Traditional investments include publicly traded stocks, bonds, and cash–funds that include a mix of the three. These investments typically appear in your workplace 401(k) plan and are most common in the portfolios of retail investors. Alternative investments are other asset classes that may add diversity to a portfolio.

Common alternative investments include gold, art, and real estate, but there are many different other alternative investments. Many investors like alternative, or non-conventional, investments because they perform independently of the stock market, potentially boosting returns and reducing overall losses during a market downturn. That’s particularly attractive during times of high volatility in the stock and bond markets.

However alternative investments also tend to have less liquidity, since they don’t always trade on public markets, and they can carry other risks as well, such as valuation challenges or increased use of leverage. So they’re not always appropriate for beginner investors. Let’s look into some popular alternative investment options, their potential benefits and downsides.

What Are Alternative Investments?

Alternative investments are assets other than stocks and bonds investors believe offer higher potential returns and low correlation to traditional assets like stocks and bonds. Securities regulators consider some alternative assets, like hedge funds and private equity, risky, making those assets available only to high net-worth, accredited investors.

There are, however, plenty of alternative assets, such as real estate and commodities, available to retail investors.

Alternative Investment Strategies

There are several ways that alternative investments can make money. Each alternative investment is different, so investors should consider what their goals are when choosing assets to buy. Alternative investments typically fall into one of three categories:

•   Income: Some alternative investments provide a steady source of income, such as a rental property or a franchise.

•   Growth: This type of investment appreciates in value over time. Growth investments include assets like art and wine.

•   Balance: Some investments provide a balance of growth and income, such as a rental property, which might offer cash flow (in rent payments) as well as capital appreciation.

25 Alternative Investment Ideas

The following is not a full list of alternative investment options, but it does cover many of the more common options.

1. Real Estate

Real estate is one of the oldest asset classes available to investors. Aside from owning your home, you can invest in real estate by owning a rental property, flipping a house, investing in commercial real estate, industrial real estate, or other options. Investors can also buy into Real Estate Investment Trusts, or REITs.
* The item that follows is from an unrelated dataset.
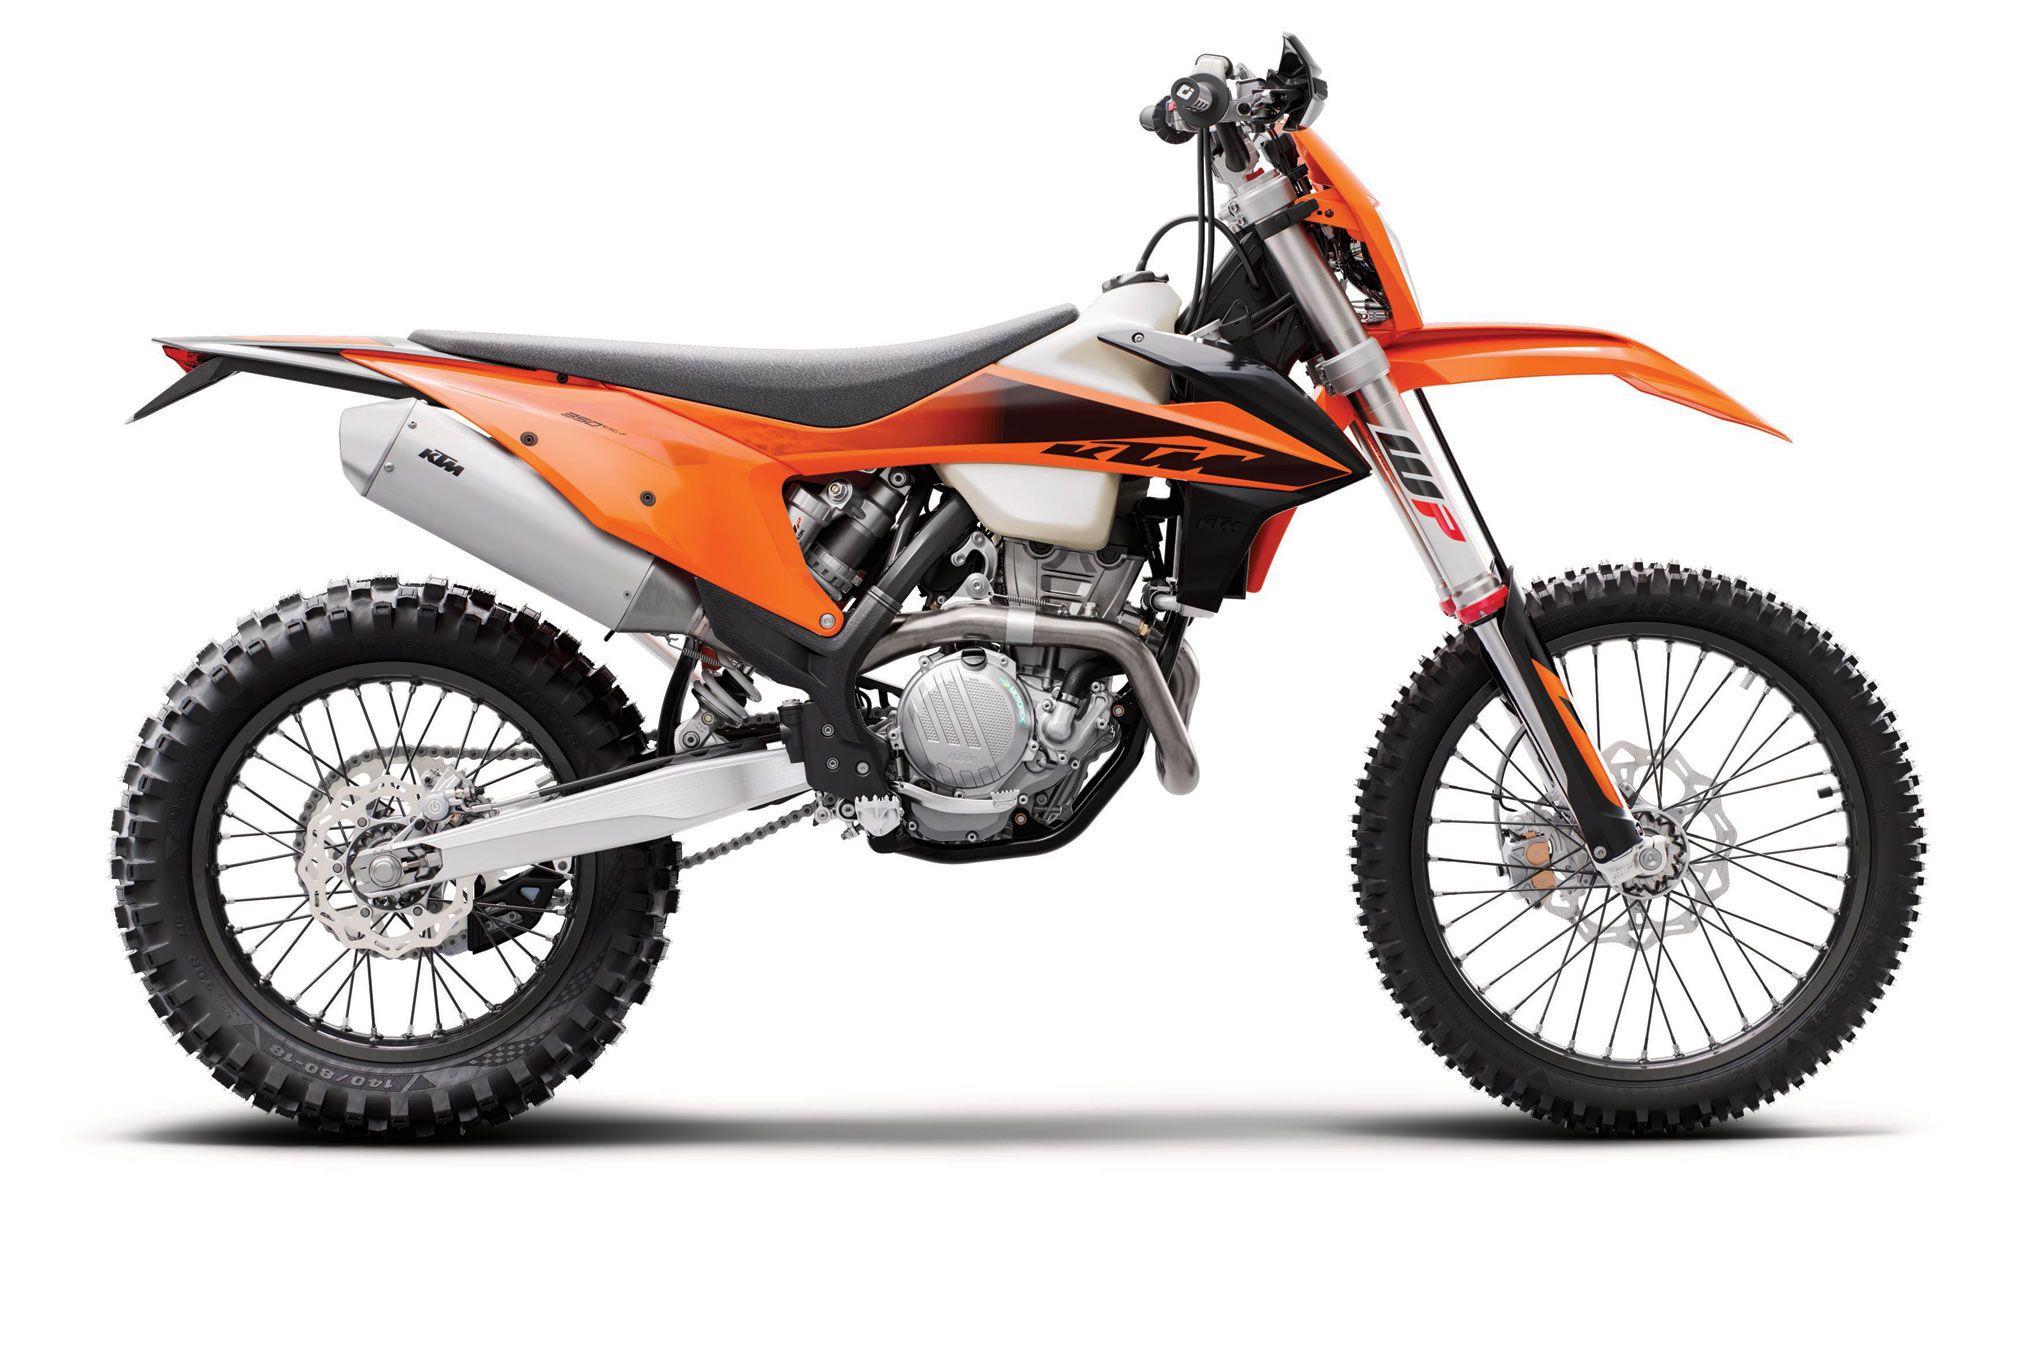 2020 Ktm 350 Exc F Guide Total Motorcycle Ktm Dirt Bikes Ktm Enduro Ktm

Investing in real estate requires some knowledge, skill, and luck, but this popular alternative investment generally does well in all economic cycles.

2. Precious Metals

Precious metals such as gold and silver are popular alternative investments. Some investors consider them a safe store of value and a good hedge against inflation.

Investors can get exposure to precious metals by buying them directly or through exchange-traded funds (ETFs) or mining stocks. Precious metals have high liquidity levels, but they can still be very volatile during stock market drops.

3. Commodities

Individuals can invest in natural resources, including agriculture, metal, and energy. This includes raw materials such as coffee, sugar, beef, and corn. Generally, investors participate in commodity trading using futures contracts or ETFs.

4. Oil and Gas Limited Partnerships (LPs)

Oil and gas companies need ongoing investment to continue operating. Investors can buy into oil and gas LPs for exploration, land development, income, services, and support. While often featuring high yields, these investments can have complicated tax impacts.

5. Equity Crowdfunding

Investors can buy a slice of startup companies through equity crowdfunding platforms. This differs from traditional crowdfunding in that investors actually own equity in the company. This is considered a risky investment, because if the startup fails, investors may lose all of their money. On the other hand, if a startup does well, investors can see significant gains.

6. Art

Investing in art has traditionally been something only available to high net worth individuals, but there are some new ways to buy into this market through shares and crowdfunding. Interested investors can also buy into index funds that track with the art market.

7. Wine

High-end wine is an investment because wineries only produce a limited number of bottles produced each year. As the years go by, the number of bottles of each particular type of wine decreases, making each bottle more valuable, as long as demand for it continues. Wine can also be a play on climate change in that growing conditions could be negatively impacted by shifts in temperature and precipitation patterns.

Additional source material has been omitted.